ACTION ITEM: With the pictures removed, please write out every line below exactly as given.

INFORMATION SUPPLIED:

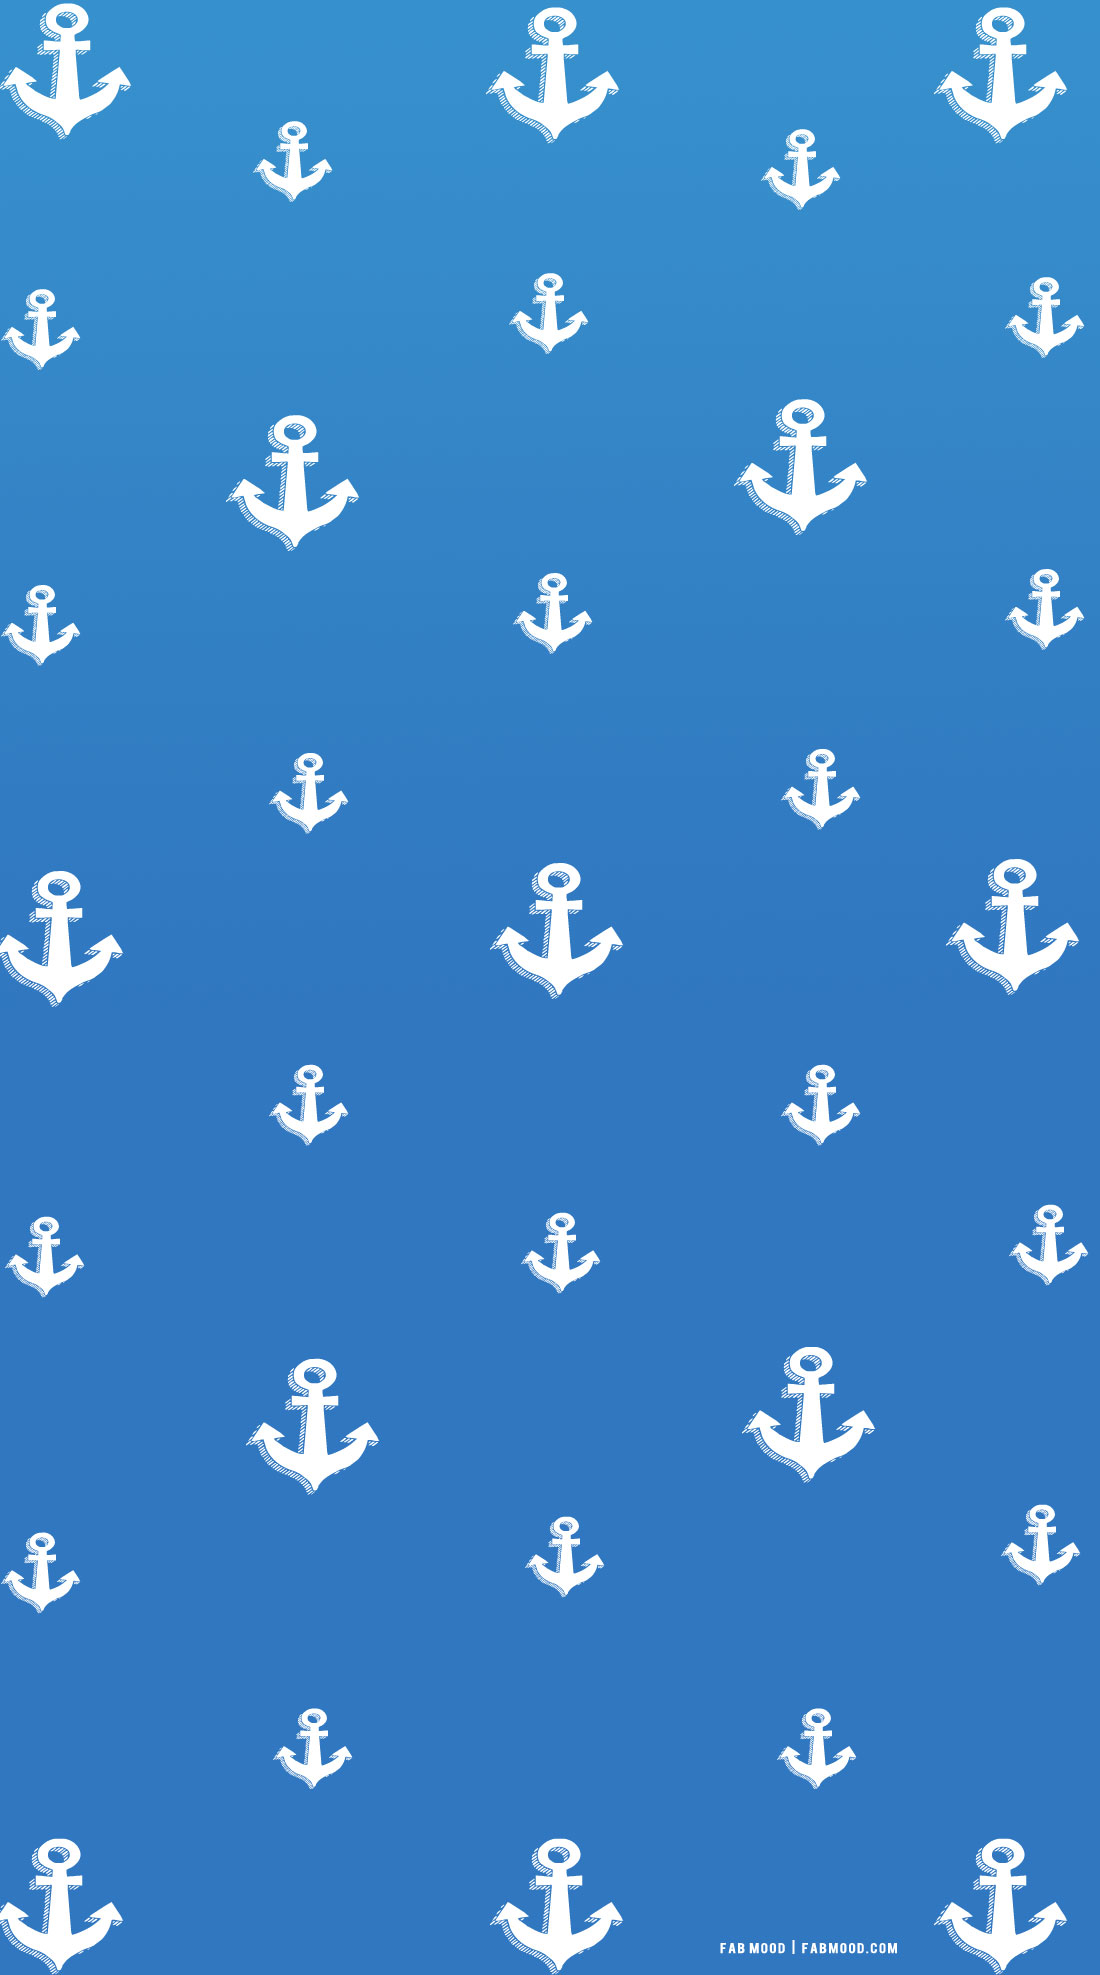 15 Azure Blue Wallpapers For Phone : Ahoy There, Matey! 1 - Fab Mood |  Wedding Colours, Wedding Themes, Wedding colour palettes
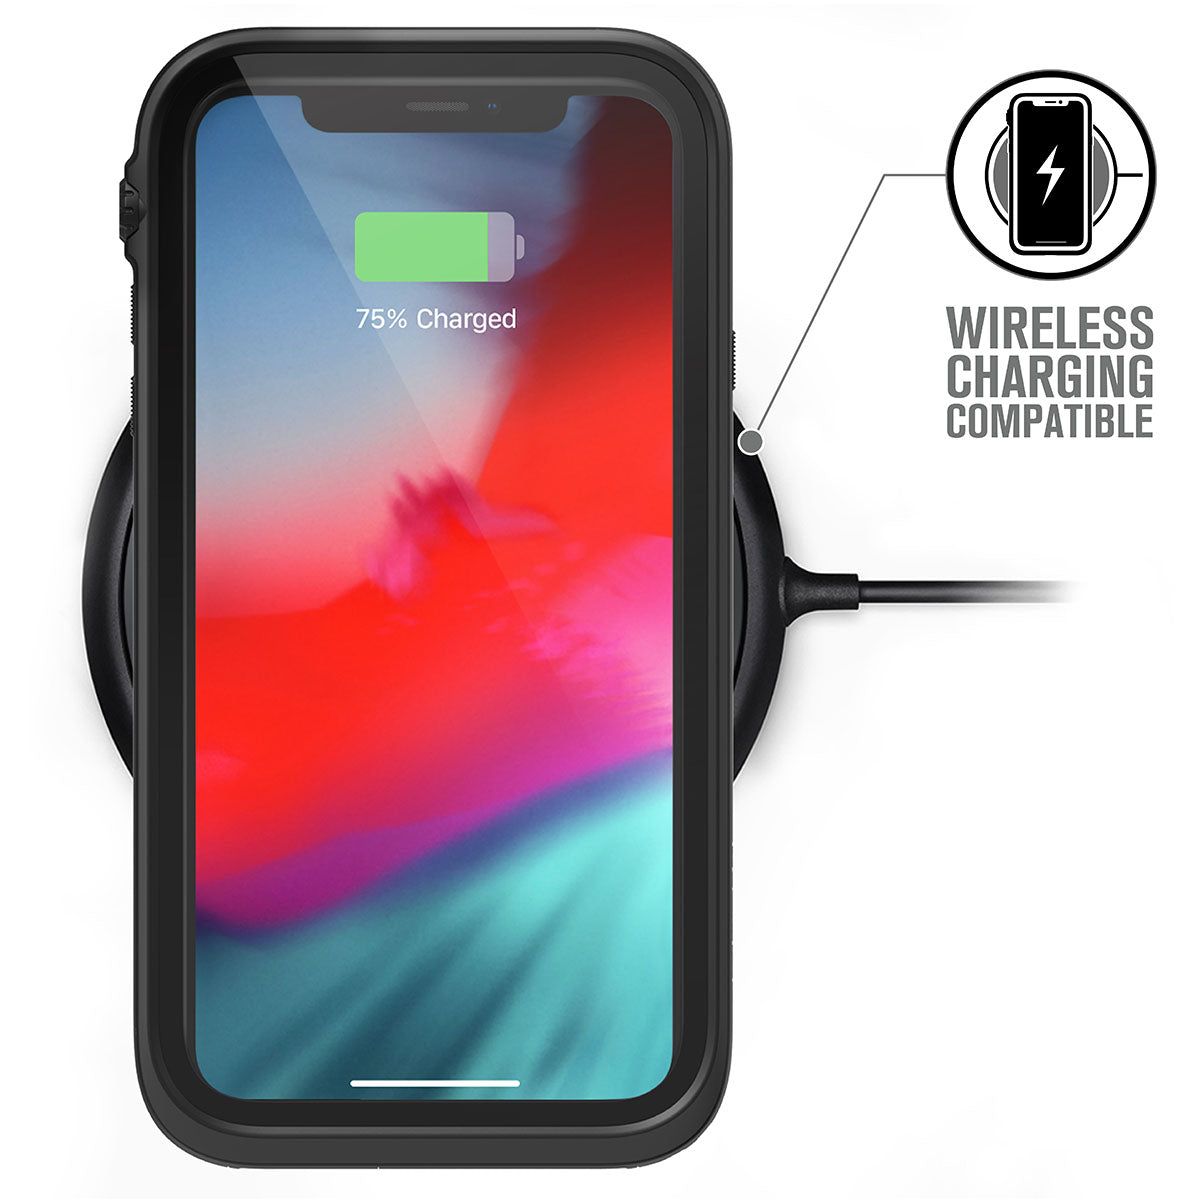 Catalyst iphone x/xr/xs/xs max waterproof case xr showing wireless charging in stealth black
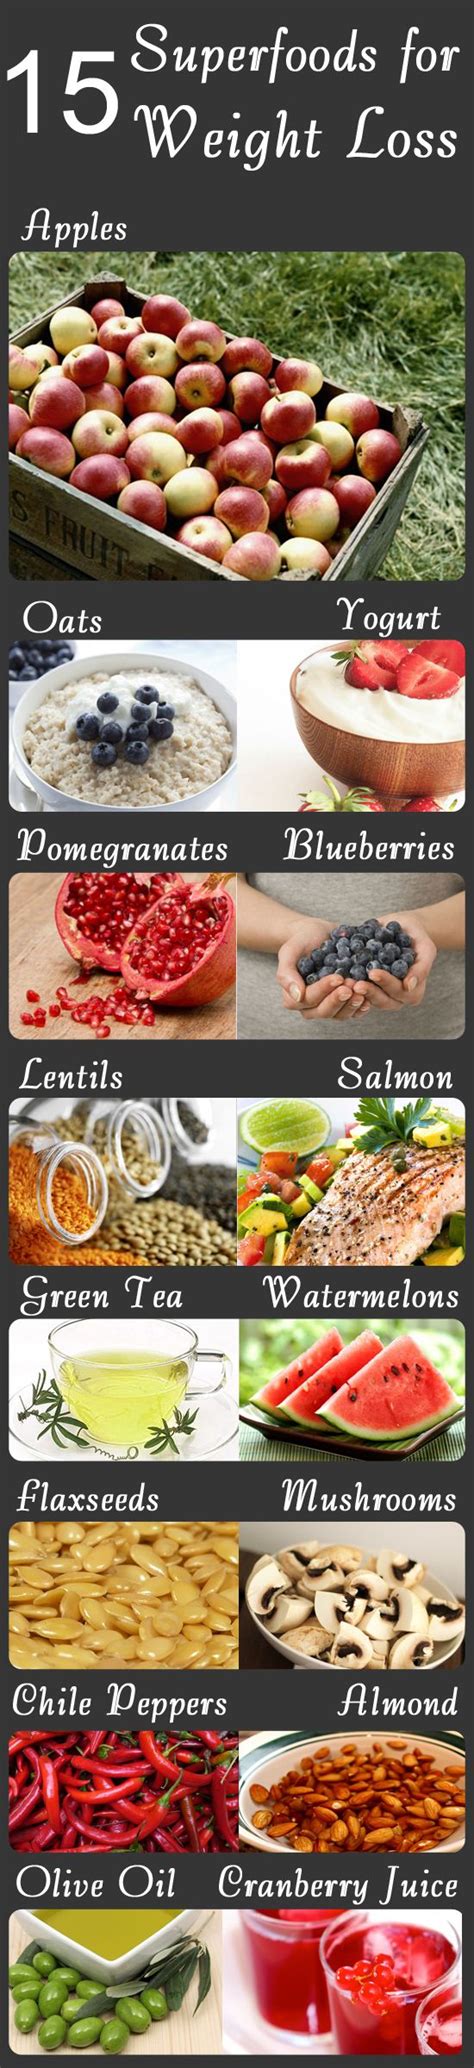 Weight Loss Foods Let Us Look At 10 Such Super Foods That We Can Easily Incorporate Into Our
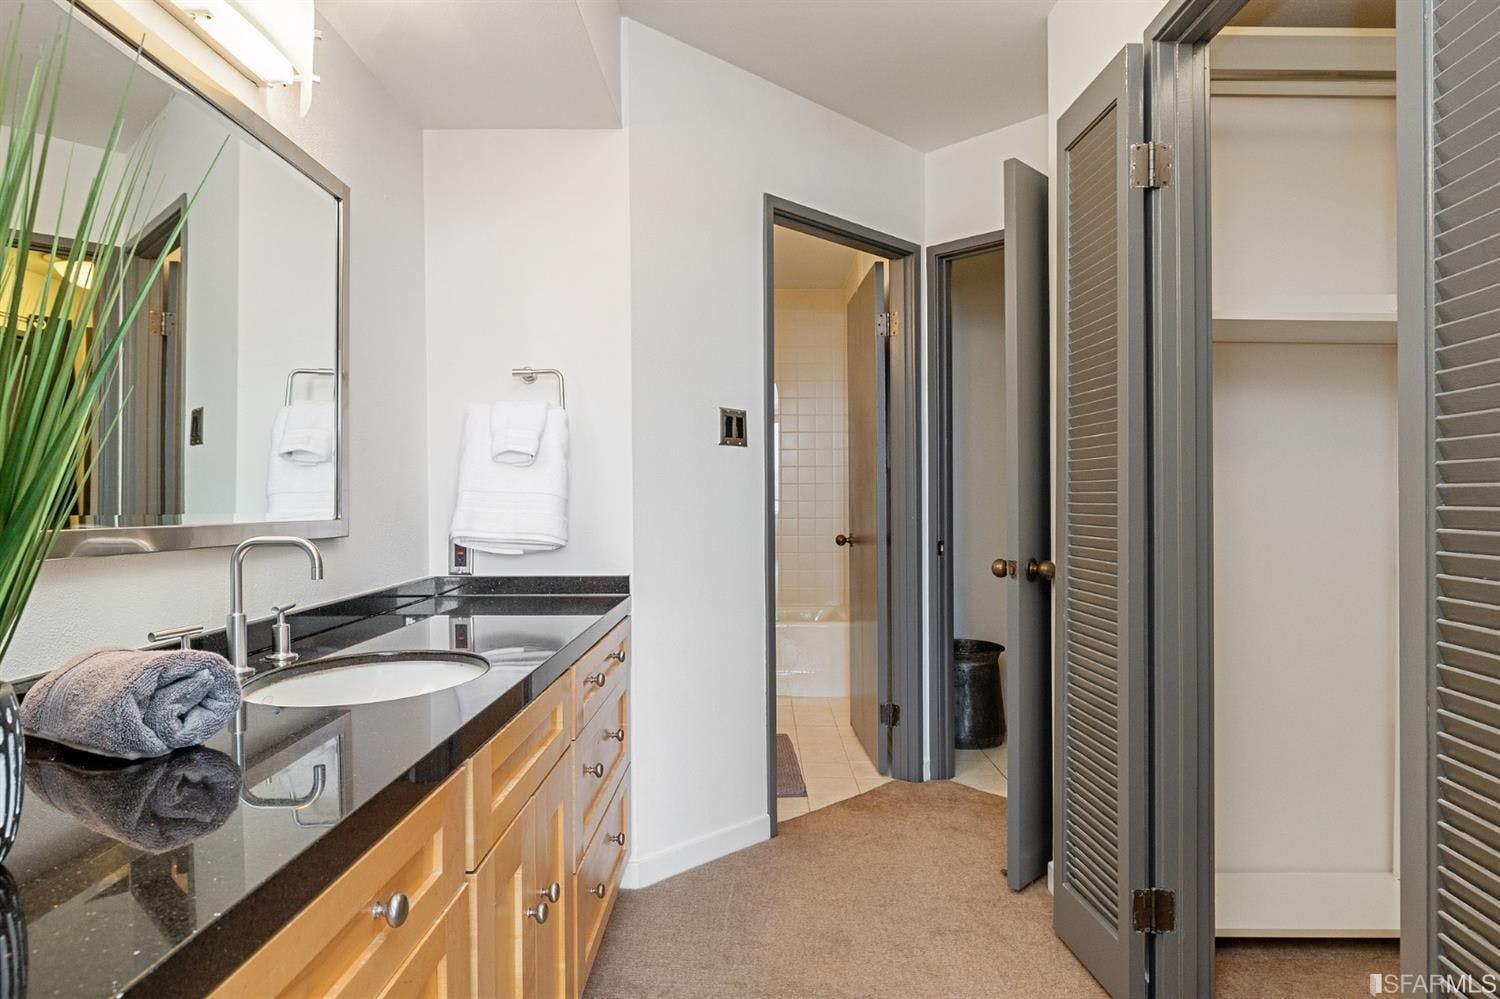 Bathrooms in 101 Lombard have shower-over-tub designs, as well as pristine countertop and walking space.

EXERCISE OUTPUT:
 15 Azure Blue Wallpapers For Phone : Ahoy There, Matey! 1 - Fab Mood |  Wedding Colours, Wedding Themes, Wedding colour palettes
 Catalyst iphone x/xr/xs/xs max waterproof case xr showing wireless charging in stealth black
 Weight Loss Foods Let Us Look At 10 Such Super Foods That We Can Easily Incorporate Into Our
 Bathrooms in 101 Lombard have shower-over-tub designs, as well as pristine countertop and walking space.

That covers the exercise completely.